Training Neural Networks on Computing Clusters
Recently I’ve been trying to outsource my neural network training onto a computing cluster (the Hoffman2 cluster at UCLA). Specifically, I’m trying to use Tensorflow’s implementation of the CNN model on CIFAR-10 dataset. Training the model interactively was not difficult. I just had to load the Anaconda module, install Tensorflow package and its associated modules, then train the model. However, to do it non-interactively, i.e. submit as a job to a remote node, it requires writing up a simple C shell script for submission. I’m posting the command file for job submission here for those who may be interested in implementing machine learning on a computing cluster.
This part gives the Sun Grid Engine job scheduler some parameters for initiating a remote job, providing information on how much memory to request, how long to run the job for, etc.
#!/bin/csh -f
#
#$ -cwd
#$ -o output/directory
#$ -j y
#$ -l exclusive,h_data=8G,h_rt=6:00:00
#$ -v QQAPP=job
#$ -M email_for_sending_job-related_notifications@email.com
#$ -m bea
# job is rerunable
#$ -r n
Not sure what below lines do, but they apparently set the path to the files related to the training.
unalias * # Remove all previous aliases
set qqversion =
set qqapp = "job serial"
set qqmtasks = 8
set qqidir = directory/to/training/files
set qqjob = file name
set qqodir = directory/to/training/files
Change to the project directory and initiate the job scheduler.

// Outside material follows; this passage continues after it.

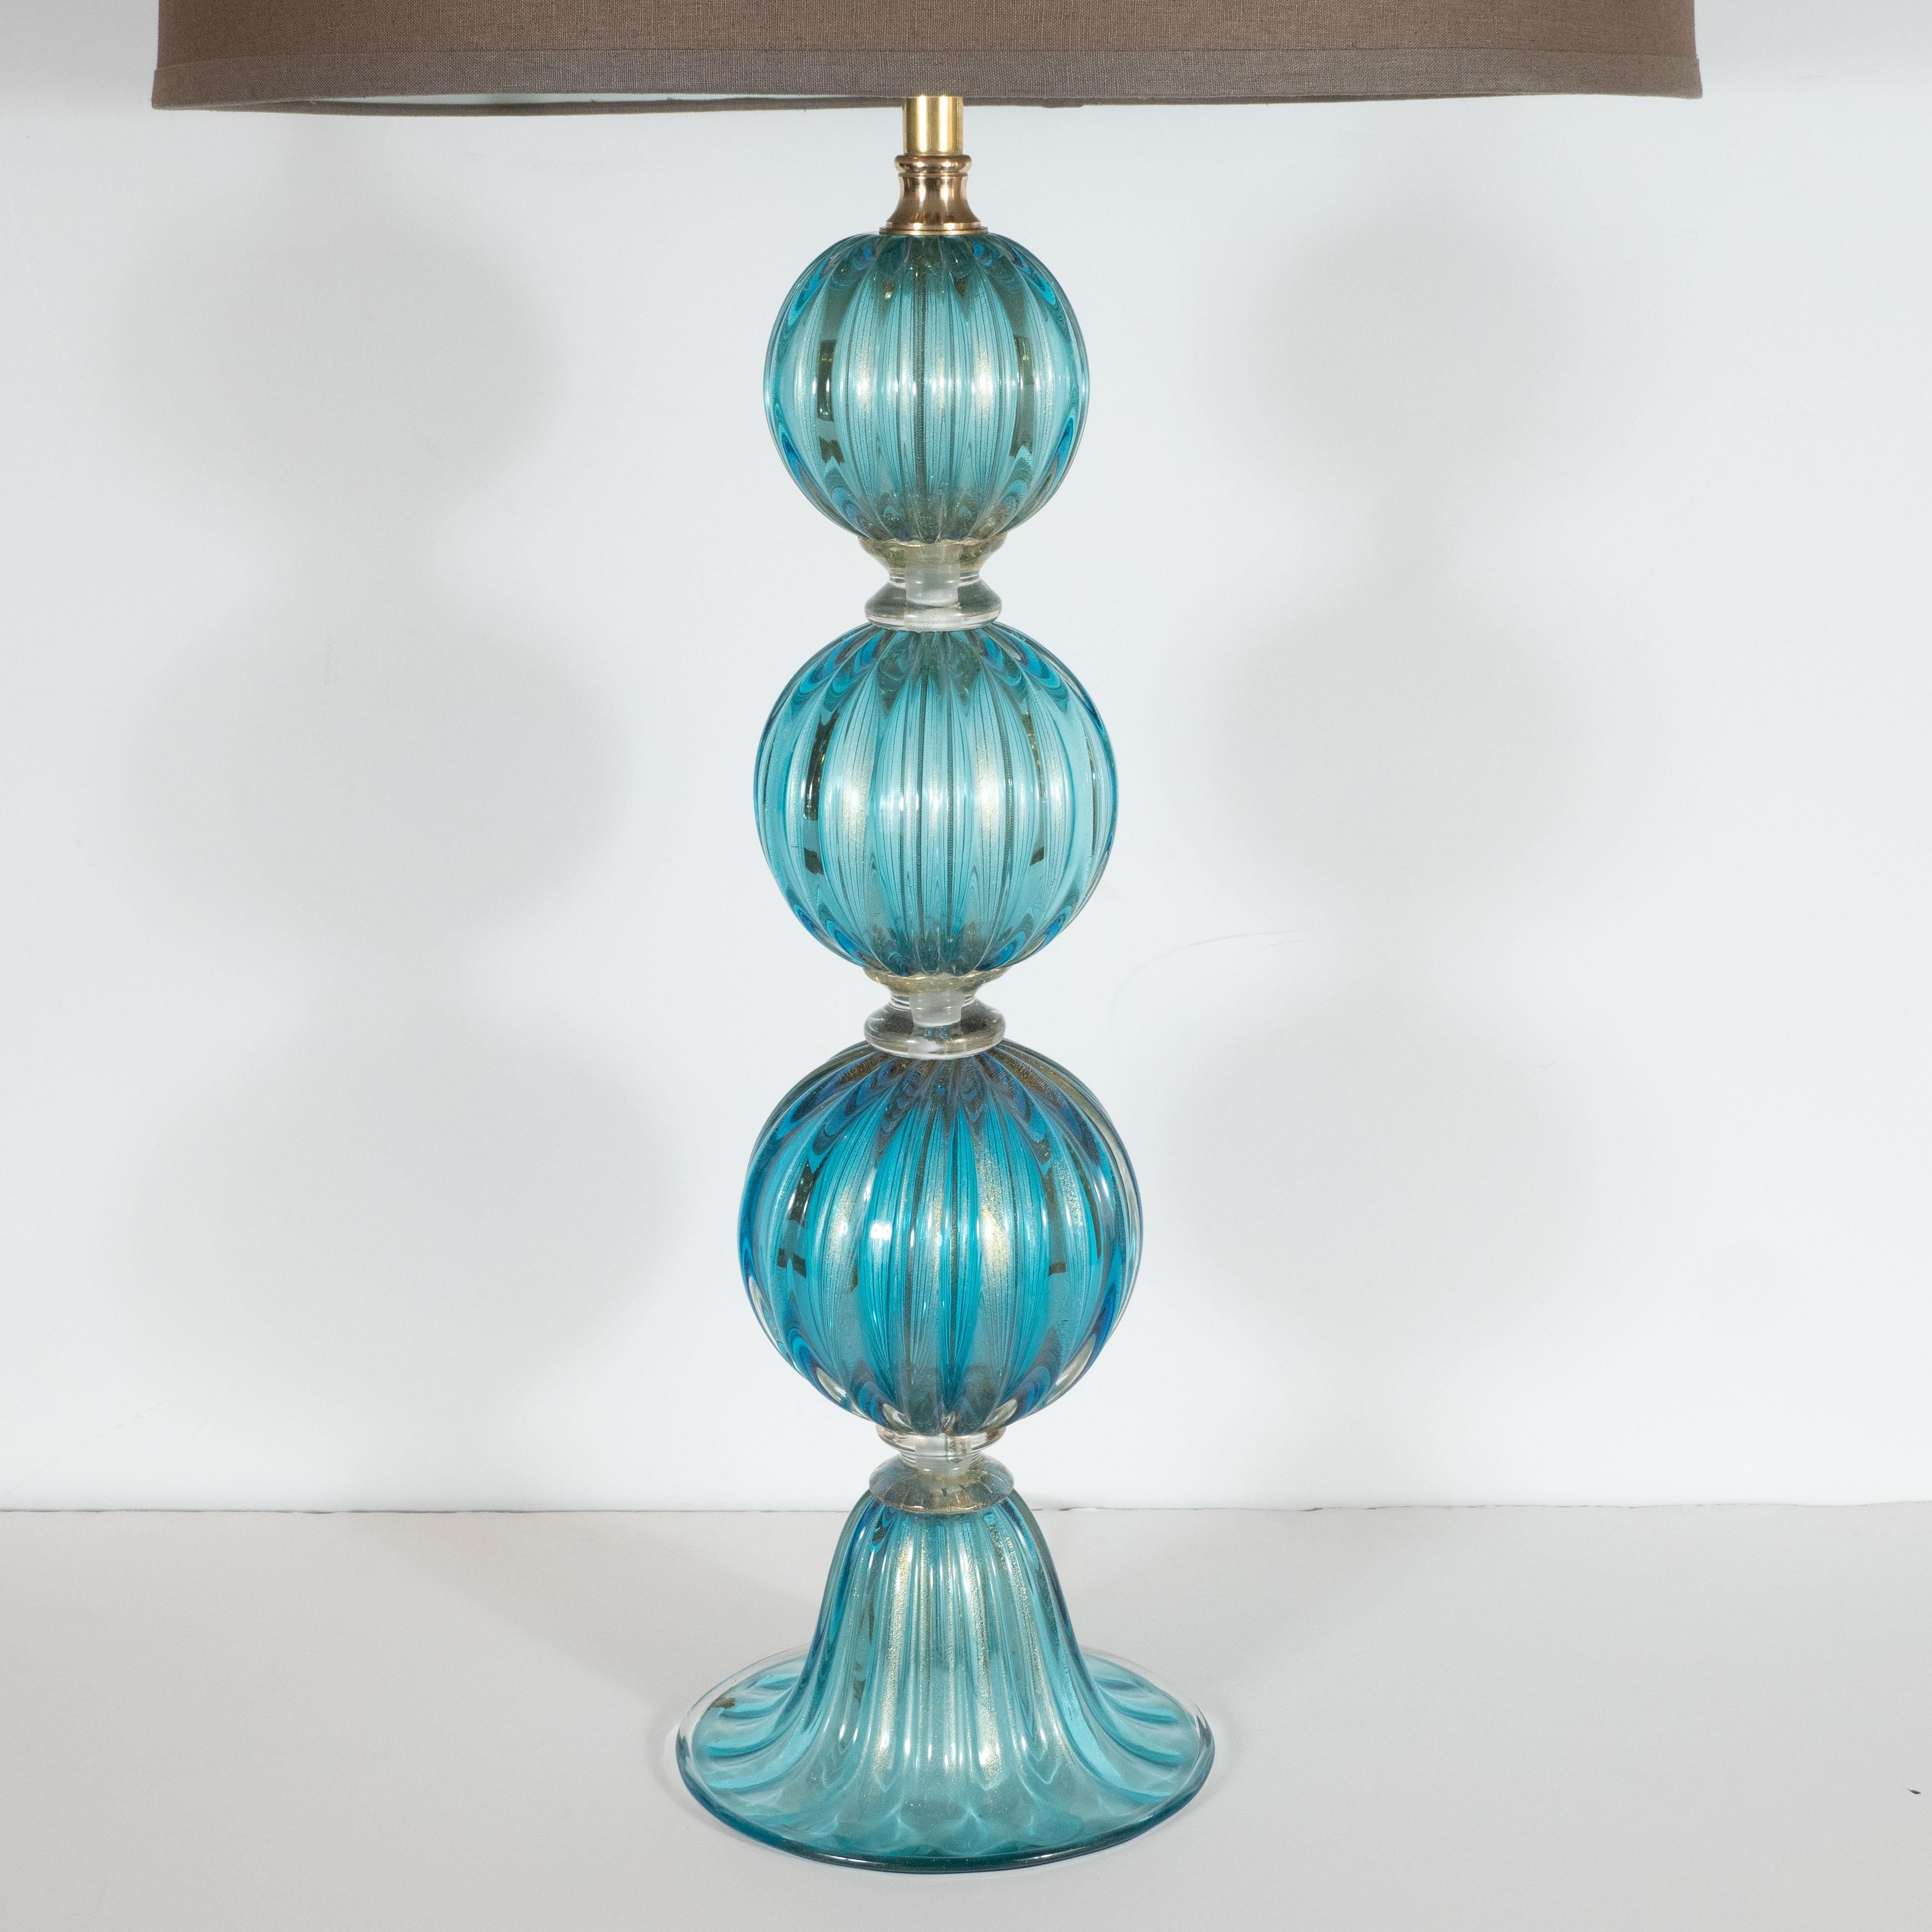 This sophisticated pair of modernist table lamps were hand blown in Murano, Italy, the island off the coast of Venice renowned for centuries for its superlative glass production. It features three ribbed orbital forms ascending from a gently concave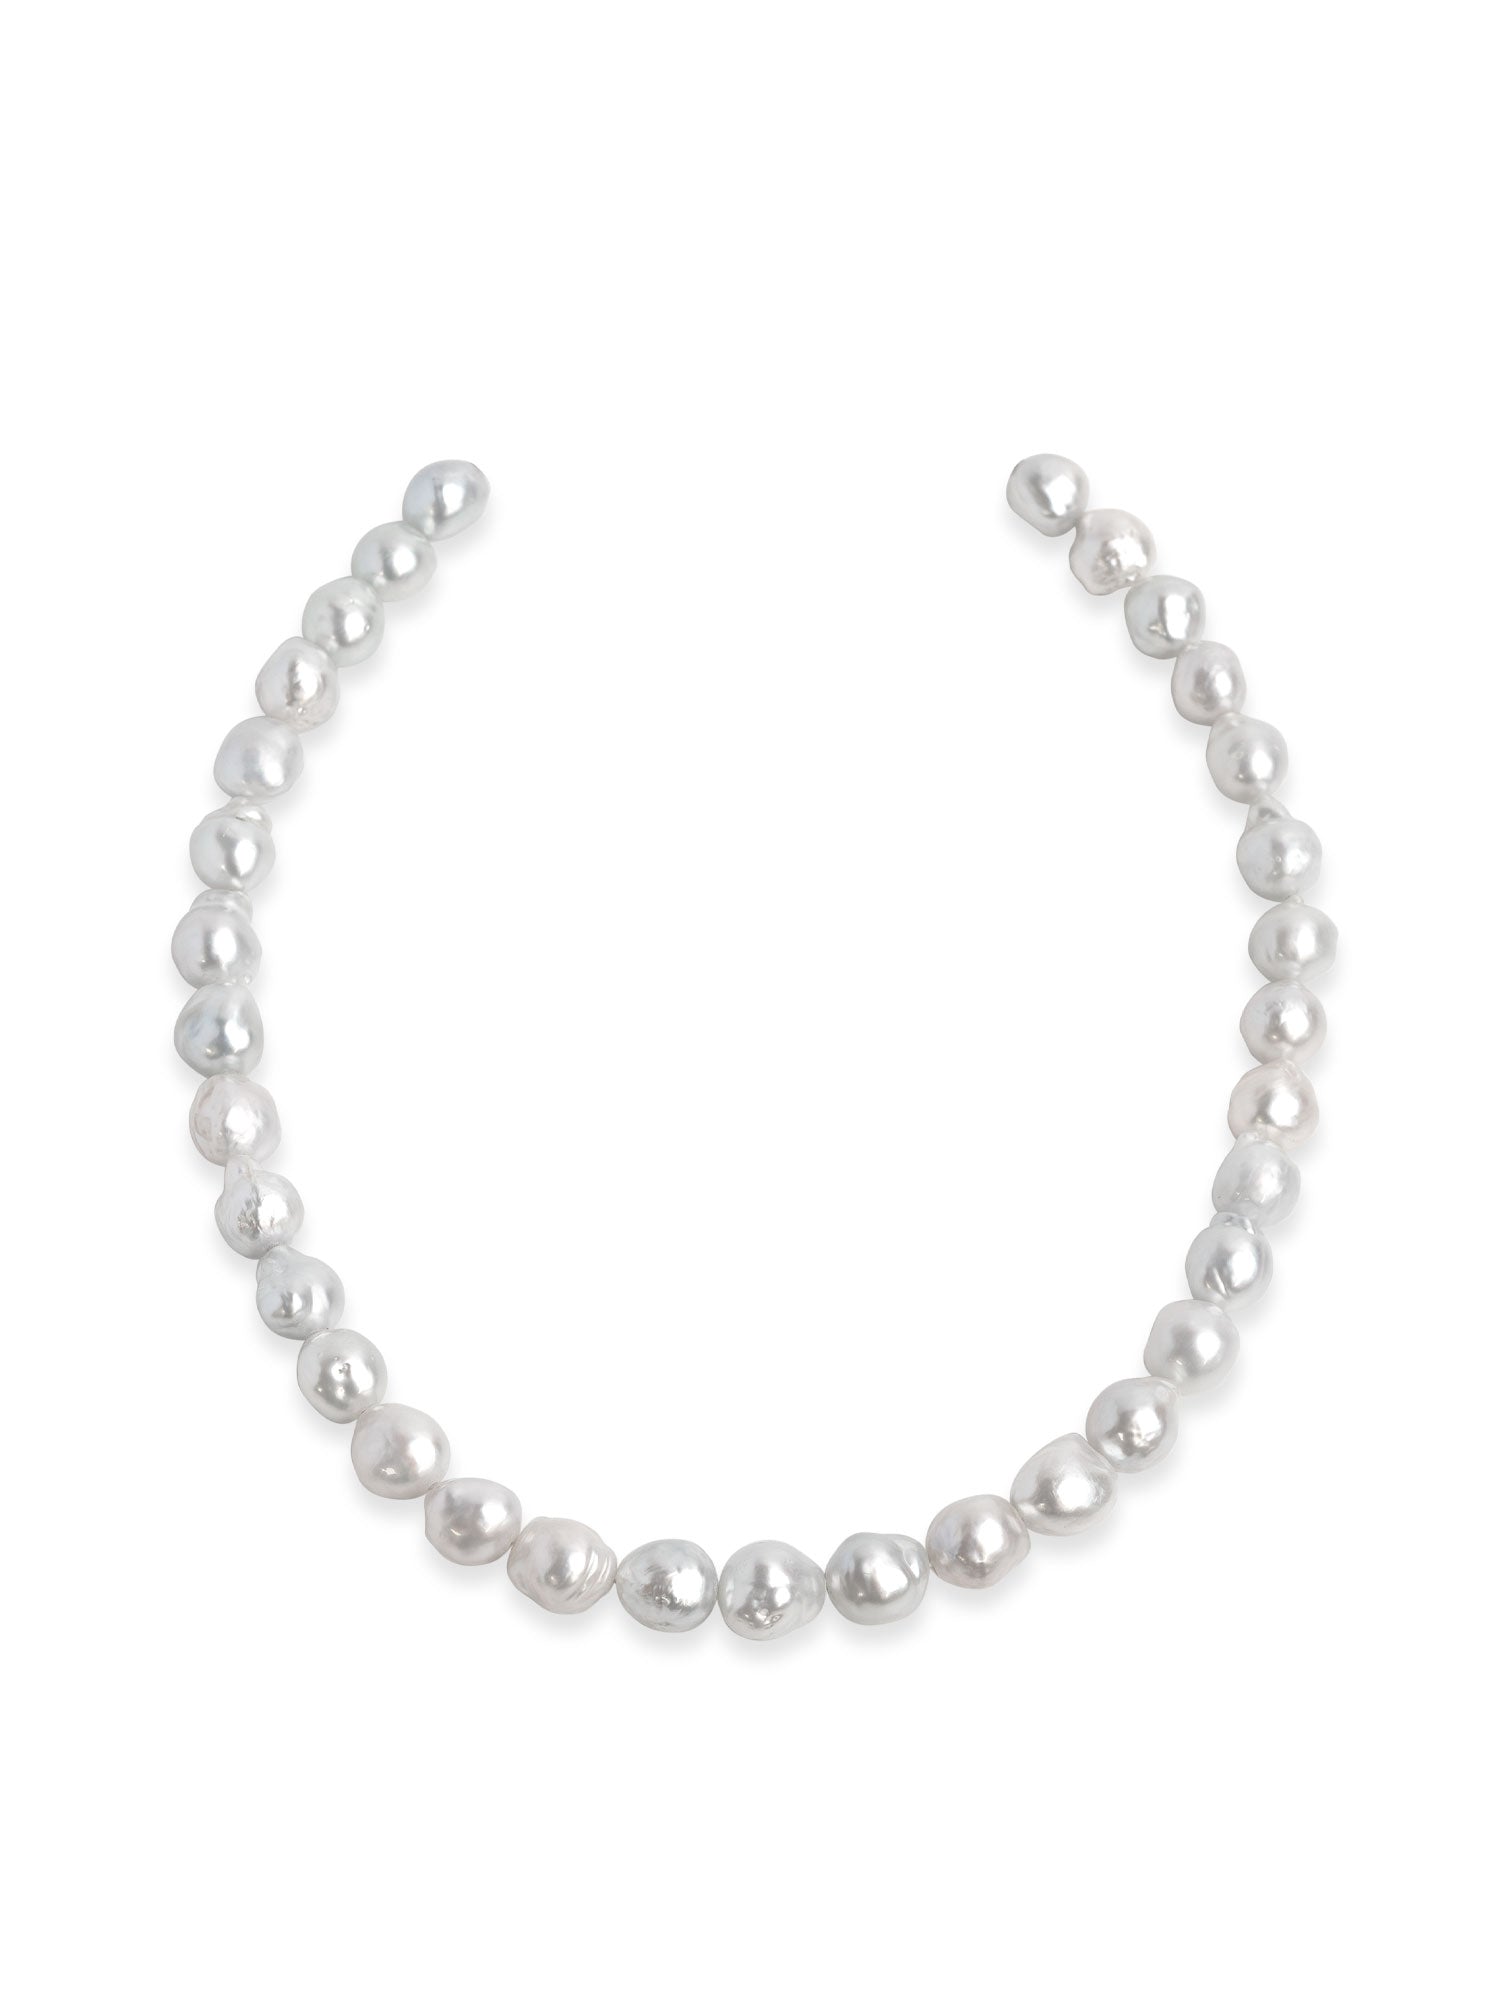 PEARL NECKLACE, cultured pearls, clasp in 18k white gold, blue

cd /path/to/project/directory
source /u/local/bin/qq.sge/qr.runtime
if ($status != 0) exit (1)
Load Anaconda and load Python environment.
echo "Load modules..."
source /u/local/Modules/default/init/modules.csh
module load anaconda/python3-4.2
Activate TensorFlow conda environment. One caveat here is that there is a conflict for the command source
in both C shell and conda (normally you would activate Tensorflow with source activate tensorflow
), so you cannot directly call source
to activate the tensorflow environment inside your csh script. Fortunately, someone has written a csh version of the activate
command that is available on GitHub, so you can activate the tensorflow environment by directly calling it in the script.
echo "Anaconda loaded"
setenv CONDA_ENVS_PATH /path/to/conda/environments # Set path to search for Conda environments
source /path/to/activate.csh tensorflow # Use CSH version of conda activate to change to tensorflow environment
setenv PATH /path/to/tensorflow/conda/environment/bin:$PATH # Add Tensorflow env to beginning of search paths
echo "Tensorflow loaded"
setenv MCR_CACHE_ROOT $TMPDIR
Begin training the neural network! This also prints the output to a text file so you can check the progress as it goes along. Note that the output does not update instantaneously, so don’t freak out if you don’t see anything in the file right away.
echo "Begin model training..."
python cifar10_train.py | tee -a train_cifar10.output.$JOB_ID
source /u/local/bin/qq.sge/qr.runtime
exit(0)
Hope this helpes!